Generation of NO by nitric oxide synthase (NOS) is implicated in gamete interaction and fertilisation. Exposure of human spermatozoa to NO donors caused mobilisation of stored Ca(2+) by a mechanism that did not require activation of guanylate cyclase but was mimicked by S-nitroso-glutathione (GSNO; an S-nitrosylating agent). Application of dithiothreitol, to reduce protein -SNO groups, rapidly reversed the actions of NO and GSNO on [Ca(2+)](i). The effects of NO, GSNO and dithiothreitol on sperm protein S-nitrosylation, assessed using the biotin switch method, closely paralleled their actions on [Ca(2+)](i). Immunofluorescent staining revealed constitutive and inducible NOS in human oviduct and cumulus (the cellular layer investing the oocyte). 4,5-diaminofluorescein (DAF) staining demonstrated production of NO by these tissues.
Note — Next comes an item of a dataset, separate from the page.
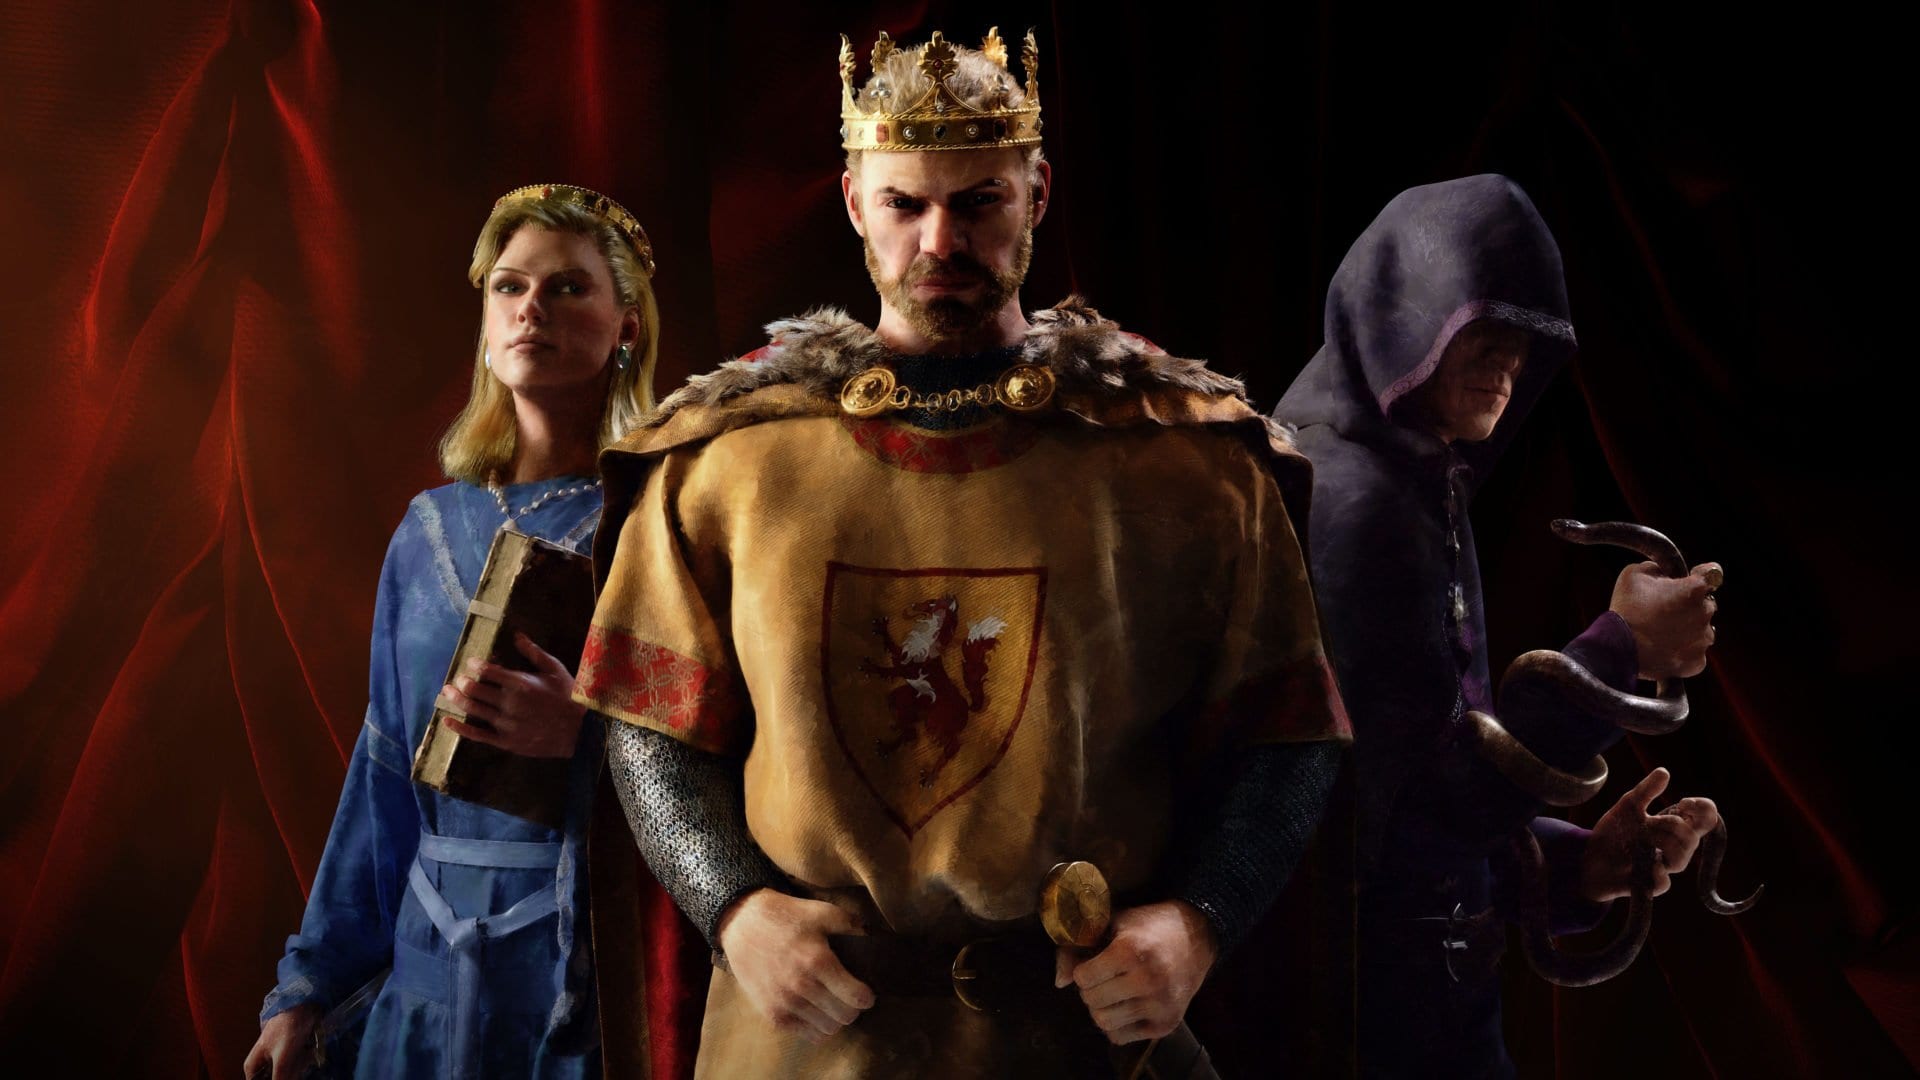 crusader kings 2 remove trait

Incubation of human sperm with oviduct explants induced sperm protein S-nitrosylation resembling that induced by NO donors and GSNO. Progesterone (a product of cumulus cells) also mobilises stored Ca(2+) in human sperm. Pre-treatment of sperm with NO greatly enhanced the effect of progesterone on [Ca(2+)](i), resulting in a prolonged increase in flagellar excursion. We conclude that NO regulates mobilisation of stored Ca(2+) in human sperm by protein S-nitrosylation, that this action is synergistic with that of progesterone and that this synergism is potentially highly significant in gamete interactions leading to fertilisation.

Figures

Fig. 1

Expression of eNOS in human oviductal and cumulus cells. A, C and E show staining of human oviductal (ampullary) primary culture (A), human cumulus (C) and human granulosa cell line (COV 434; E) for eNOS. B, D and F show corresponding phase images of these samples.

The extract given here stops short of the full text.